Hamas marks 23rd anniversary with Gaza rally

0
166

GAZA CITY: Members of Hamas fanned out across the Gaza Strip on Tuesday, draping the Islamist movement’s flag across buildings ahead of a mass rally to celebrate their 23rd anniversary.
Tens of thousands of Palestinians were expected at the celebration being held in Gaza City’s Kateeba Square, where an enormous replica of Jerusalem’s Dome of the Rock mosque, with its famous golden dome, was being erected.
Large pictures of Hamas leaders, including the group’s assassinated spiritual guide Ahmed Yassin, were displayed under a banner reading “I remain committed to the cause.” Hamas said it had sent buses to bring supporters to the rally from across the coastal enclave, and children at government-run schools and students at three Hamas-affiliated universities had the day off for event.
Members of some of Gaza’s political factions, including Islamic Jihad, were expected to attend. Hamas’s major rival Fatah, however, was likely to be noticeably absent.
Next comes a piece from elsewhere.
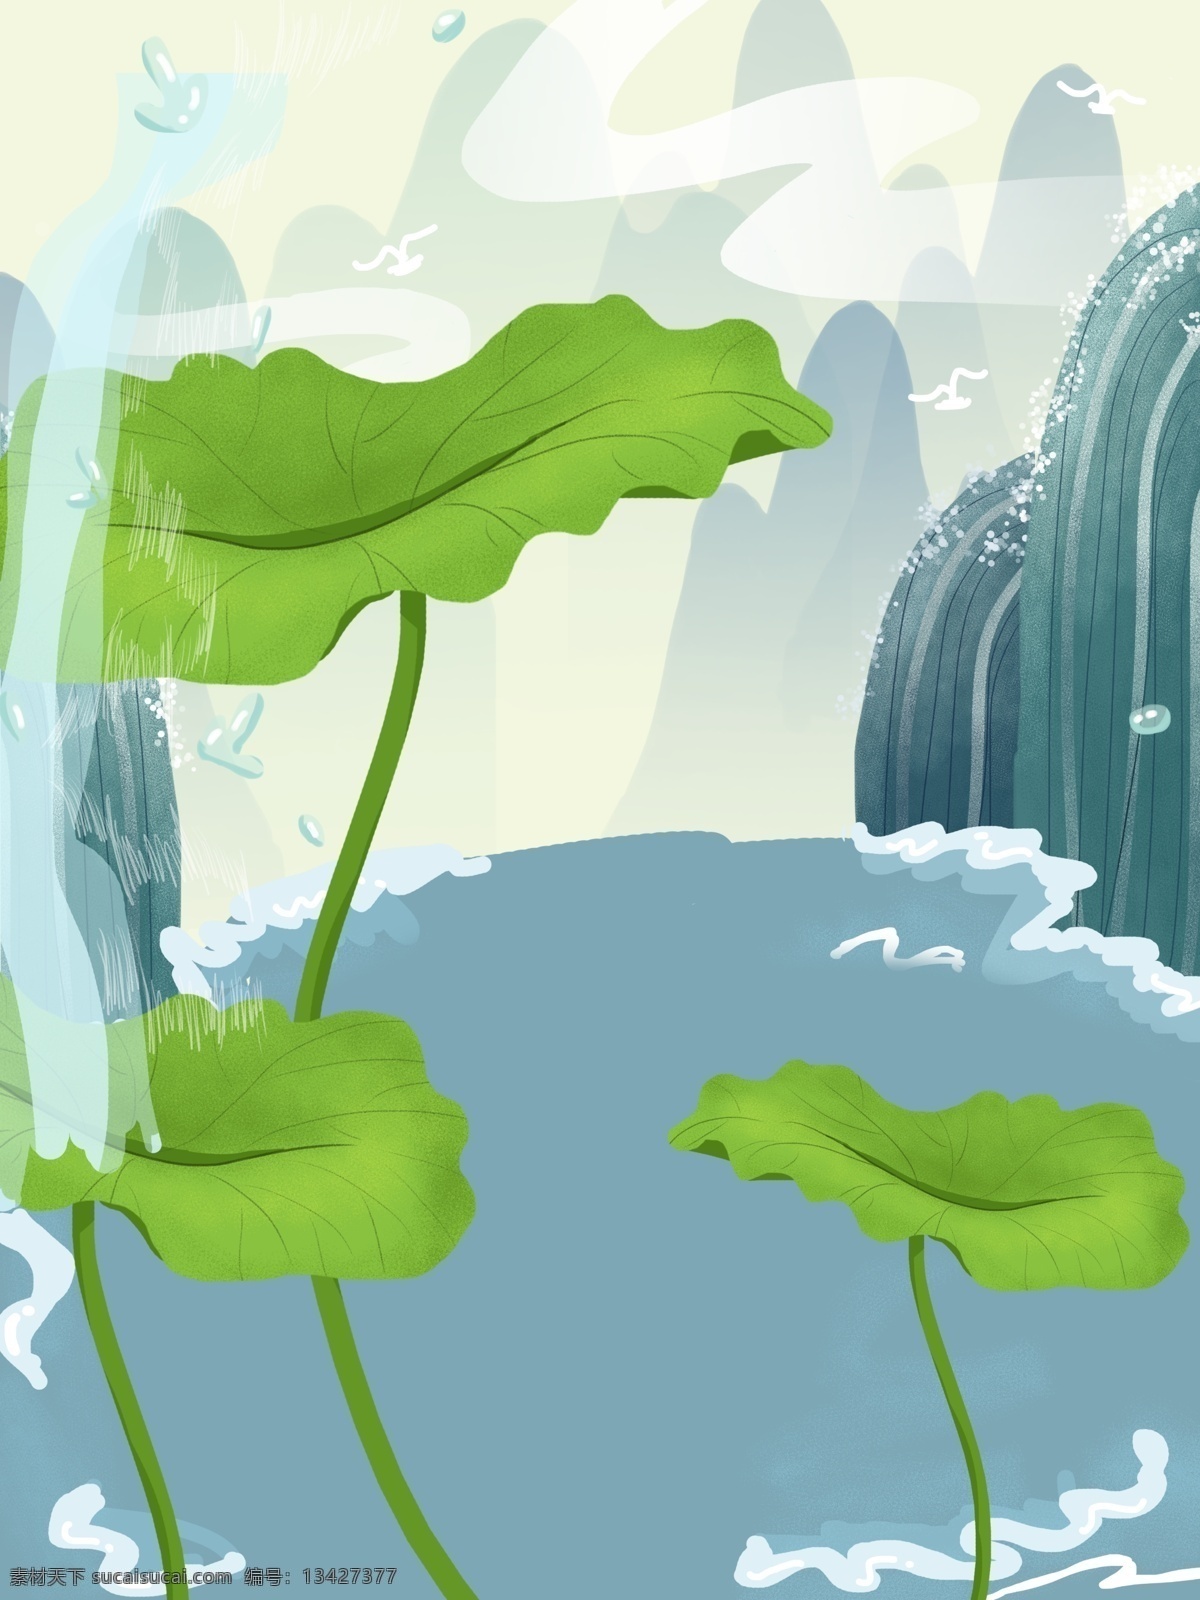 手绘 河边 植物 风景 插画 背景 插画背景 植物背景 荷叶 瀑布背景 通用背景 手绘背景 卡通背景

Hamas and Fatah remain bitterly divided after long-standing tensions boiled over in 2007, a year after Hamas won parliamentary elections, and the Islamist group drove members of Fatah from Gaza, seizing control of the enclave.
Hamas policeman clad in blue fatigues and bullet-proof vests closed streets leading to Kateeba Square as the interior ministry said it had finalised preparations.
The leadership of the group, including Hamas prime minister Ismail Haniya, was expected to address the rally, which is scheduled start at 1000 GMT.
Hamas spokesman Sami Abu Zuhri said the rally would provide evidence of the group’s support in Gaza. “The basic message the big crowds will send to all the parties is that lots of people support Hamas and the project of Hamas is the project of all the people,” Abu Zuhri told AFP.
“The aim of the embargo on the Hamas movement and the Gaza Strip was to force us to raise the white flag of surrender, but Hamas will not break,” he added.
Israel imposed a blockade on the Gaza Strip after the capture of a soldier by Gaza-based militants in a deadly cross-border raid in 2006. It tightened the restrictions the next year after Hamas seized control of the territory. However the Jewish state relaxed restrictions on imports to Gaza in the face of an international outcry over a deadly commando raid on a flotilla attempting to break its naval blockade of the territory on May 31.
Earlier this month Israel’s security cabinet voted to partially lift a ban on exports from Gaza. Founded on December 14, 1987 shortly after the beginning of the first intifada, or uprising, against Israel’s occupation of the West Bank and Gaza Strip, Hamas was inspired by Egypt’s Muslim Brotherhood.
The group remains pledged to the eventual destruction of Israel and the establishment of an Islamic state on the pre-1948 borders of the British Palestine Mandate.
But Haniya has also said the organisation would accept any peace deal negotiated with Israel if the Palestinian population and diaspora approved it in a referendum.